This is a comparison I don’t see as often, and I think is overlooked. Encoding takes a lot of power, which means it costs money. I have been told by many FastFlix users that they let their x265 encodes run overnight, and some of their encodings take days!

This is also a harder to measure metric, as you need both encoders to produce the same quality output, as well as know their power usage. The entire thing also labors under the assumption that the only purpose of this machine is to encode the video while it is powered on, so please keep all that in mind as we dive into this.

To achieve the same quality of result file, it costs ten times as much in electricity to get the job done. This may not matter if you’re talking about a random encode here or there, but if you have a lot of videos to burn through, it could really start saving cash by switching to hardware encoders.

The Nitty Gritty about the power (Methodology)

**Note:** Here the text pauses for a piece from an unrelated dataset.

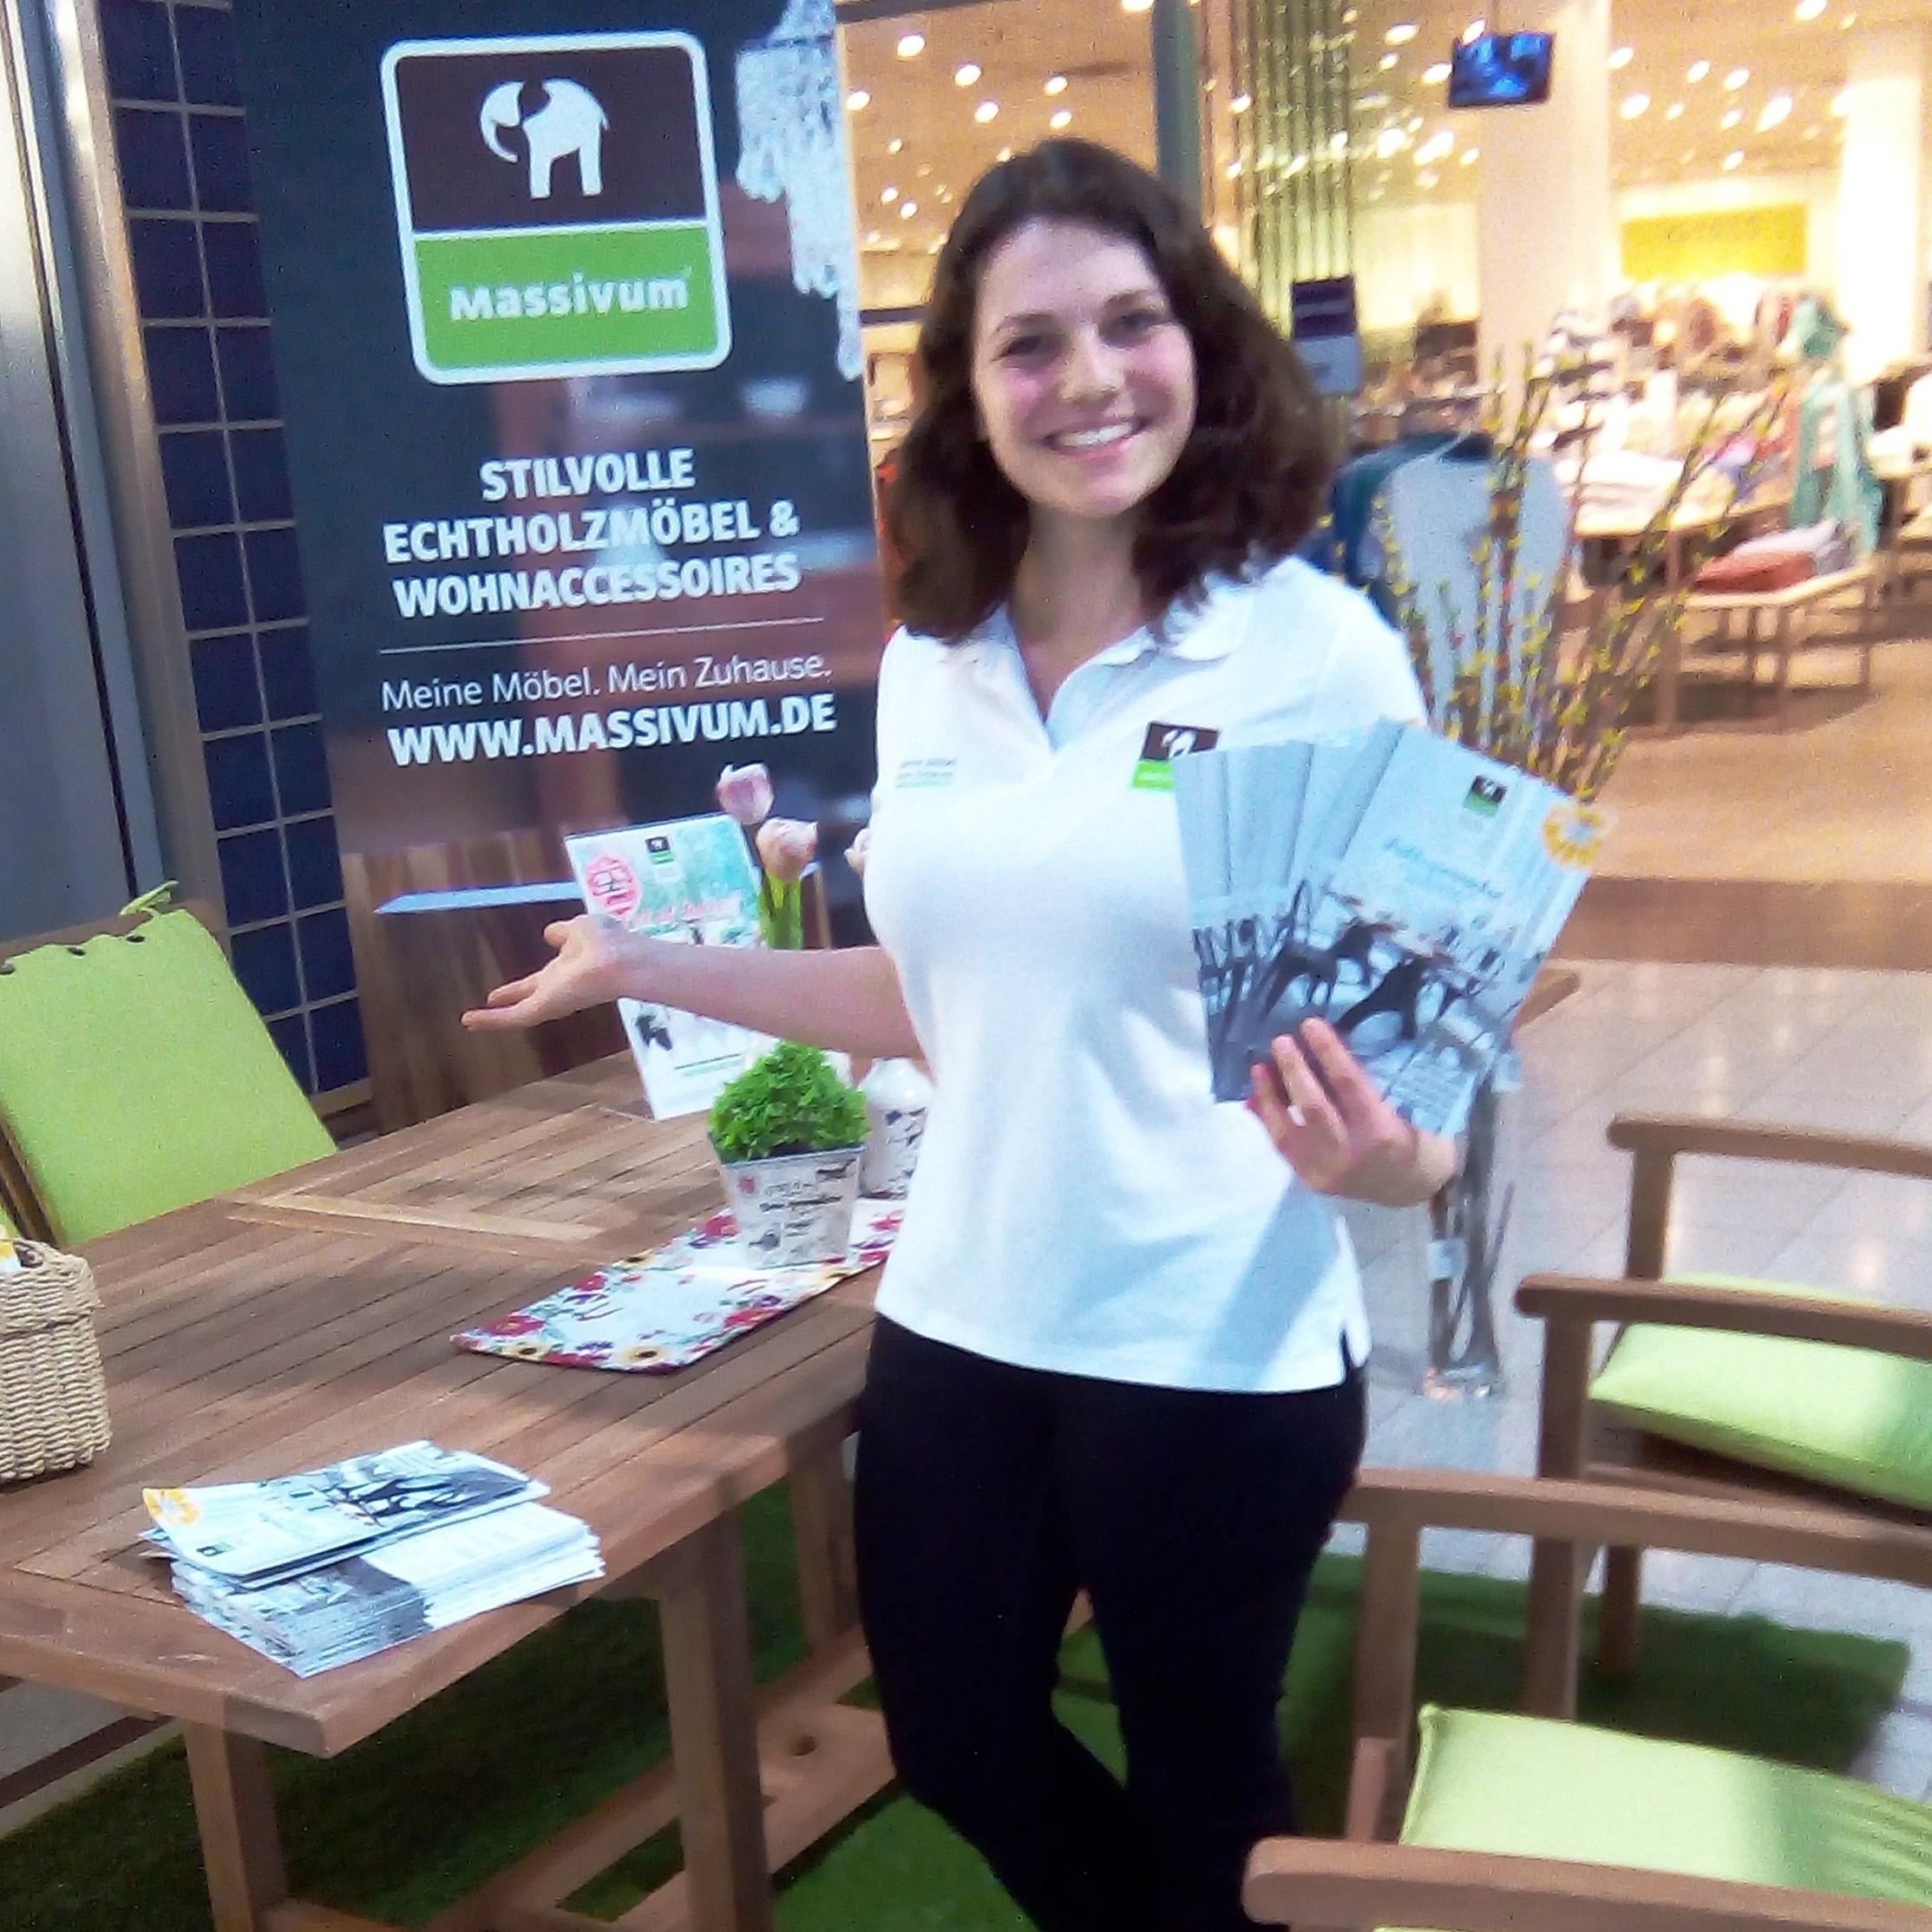 Massivum Frankfurt anne: 12 jobs als promoter & hostess - ich spreche f- instaff

Power usage will differ across hardware so this is for a very specific case that I can attest for (using both HWmonitor and a KillAWatt monitor). The 6900XT uses 63 watts over it’s baseline when encoding, for a total system draw of ~320w. The i9-9900k uses 111 watts over baseline for a total system draw of ~360w. (Keep in mind there is some extra CPU usage during hardware encode as well, so that is why total power is not a direct difference between the two.)

For the encoder speed, when using a UHD file I was able to get within 0.1% difference of VMAF when using VCE slow (same speed as above) and x265 veryfast (at 10.35fps).

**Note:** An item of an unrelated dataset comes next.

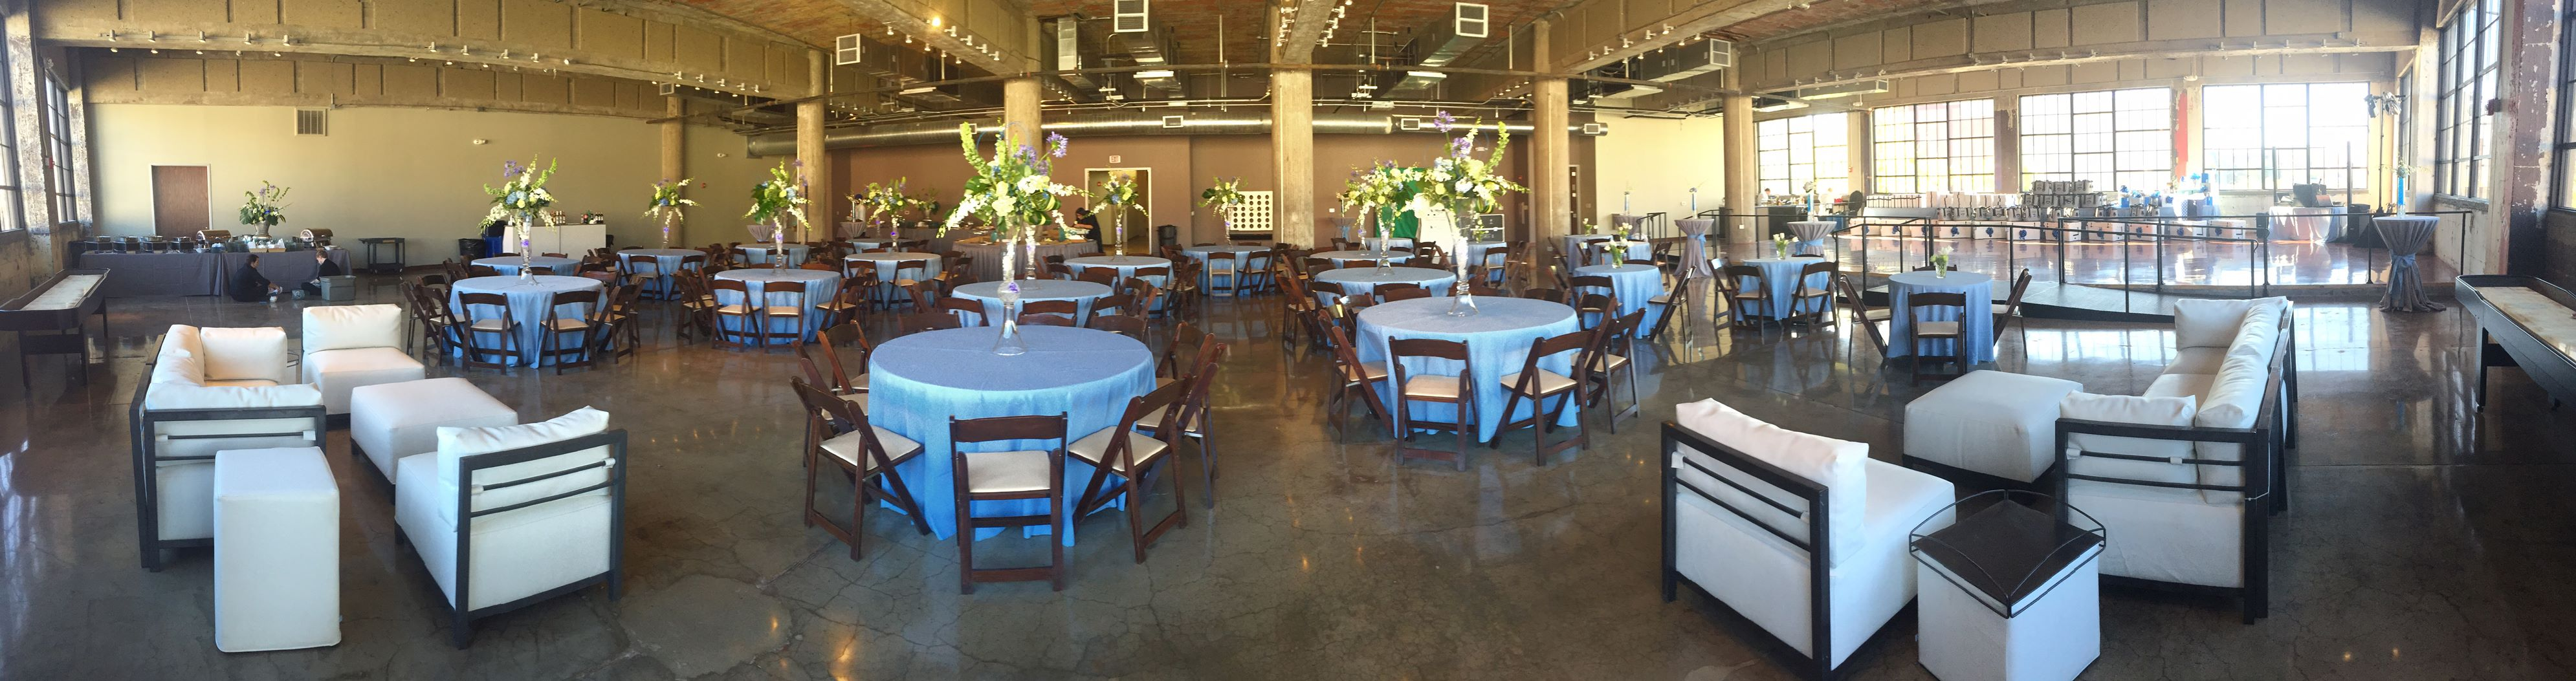 601 Spring Event Center interior

Lets take a genericized use case of a two hour long video running at 24fps. 24fps * 60 seconds in a minutes * 60 minutes in an hour * 2 hours = 172,800 frames.

Estimated times and cost:

  • VCE – slow – 6900XT @ 96.47fps – 29.85 minutes
    • 0.16 kWh/day @ 320 watts
    • 0.019$ at @12 cents per kWh
  • x265 – i9-9900K@ 10.35fps – 287.3 minutes (four and a half hours)
    • 1.72 kWh/day @ 360 watts
    • 0.206$ at @12 cents per kWh

Where does this matter

The cost difference probably doesn’t sway many individuals But if you’re a prolific encoder, this could save you time and money.

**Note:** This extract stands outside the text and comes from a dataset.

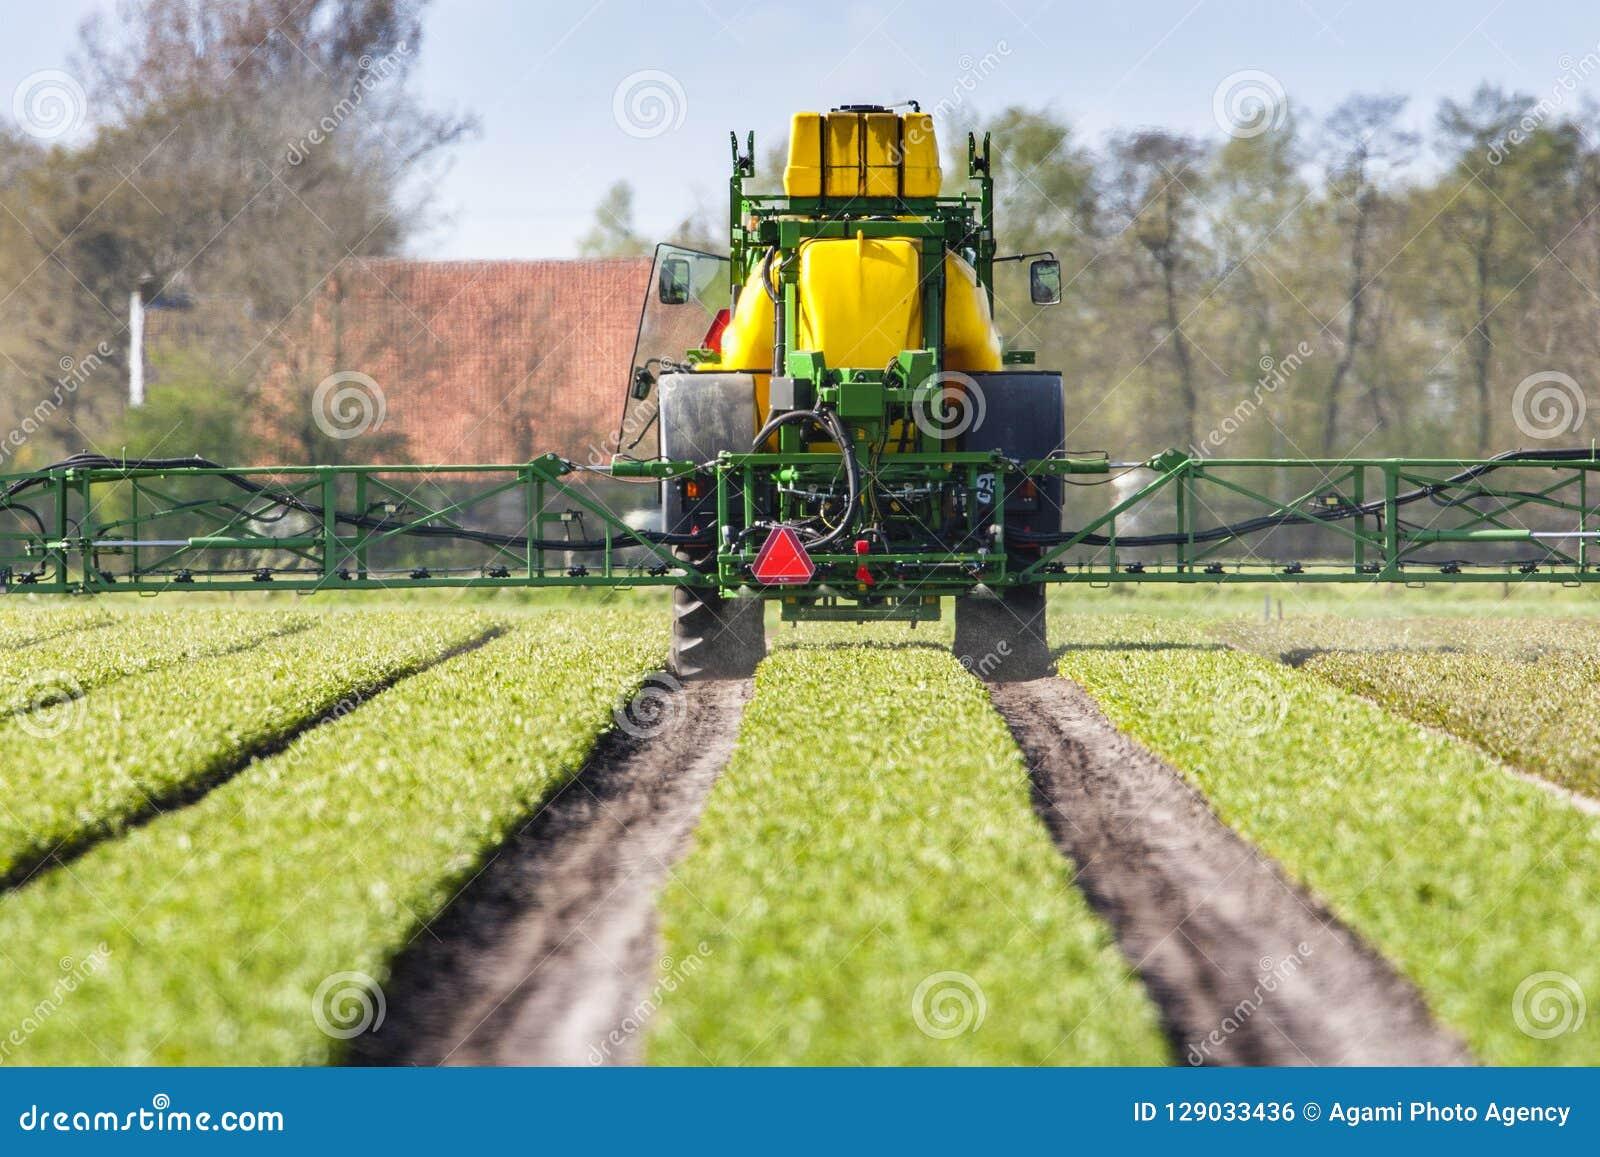 Le tracteur meurent spuit de landbouwgif, pesticides de pulvérisation de tracteur

Super Technical Head to Head Summary

Software (x265)Hardware (AMD VCE)
Quality⭐Best possibleLacks basic HEVC needs (B-frames / pre-analysis)
SpeedSlow to Super Slow⭐Crazy Fast
Requirements⭐Any old electrified rockNewer AMD GPU
Windows OS
Energy UsageAll the powah!sips daintily

So the winner is…. neither. If you’re encoding professionally you’ll be working with totally different software (like TITAN File). Then if you’re using it at home, it really just depends with what hardware you already have. If you’re wondering which GPU to get for the best encoding, wait for next month’s article 😉

Basically they both do what they were designed for. I would say Hardware encoders might have a slight overall edge, as they could be used for all cases. Whereas x265 currently can’t do UHD HDR10 real time encoding on consumer hardware.

Encoding HDR10 with AMD GPUs

Already got an AMD GPU and want to start encoding with it? Great, let’s get down to how to do it. First off make sure you are using Windows. If you’re using Linux for this, don’t.* If Linux is all you have, I would still recommend using a passthrough VM with Windows on it.

For Windows users, rigaya has made a beautiful tool called VCEEncC that has HDR10 support built in. It is a command line tool, but good news, FastFlix now supports it!

You will need to download VCEEncC manually as well, and make sure it is on the system path or link it up in File > Settings of FastFlix.

VCE doesn’t have a lot of options to worry about like other encoders, so can be on your way to re-encoding in no time!

* Possible on Linux to using VAAPI to encode HEVC. You would need to apply custom MESA patches to enable HDR10 support. AMF / VCEEncC only supports H.264 on Linix currently.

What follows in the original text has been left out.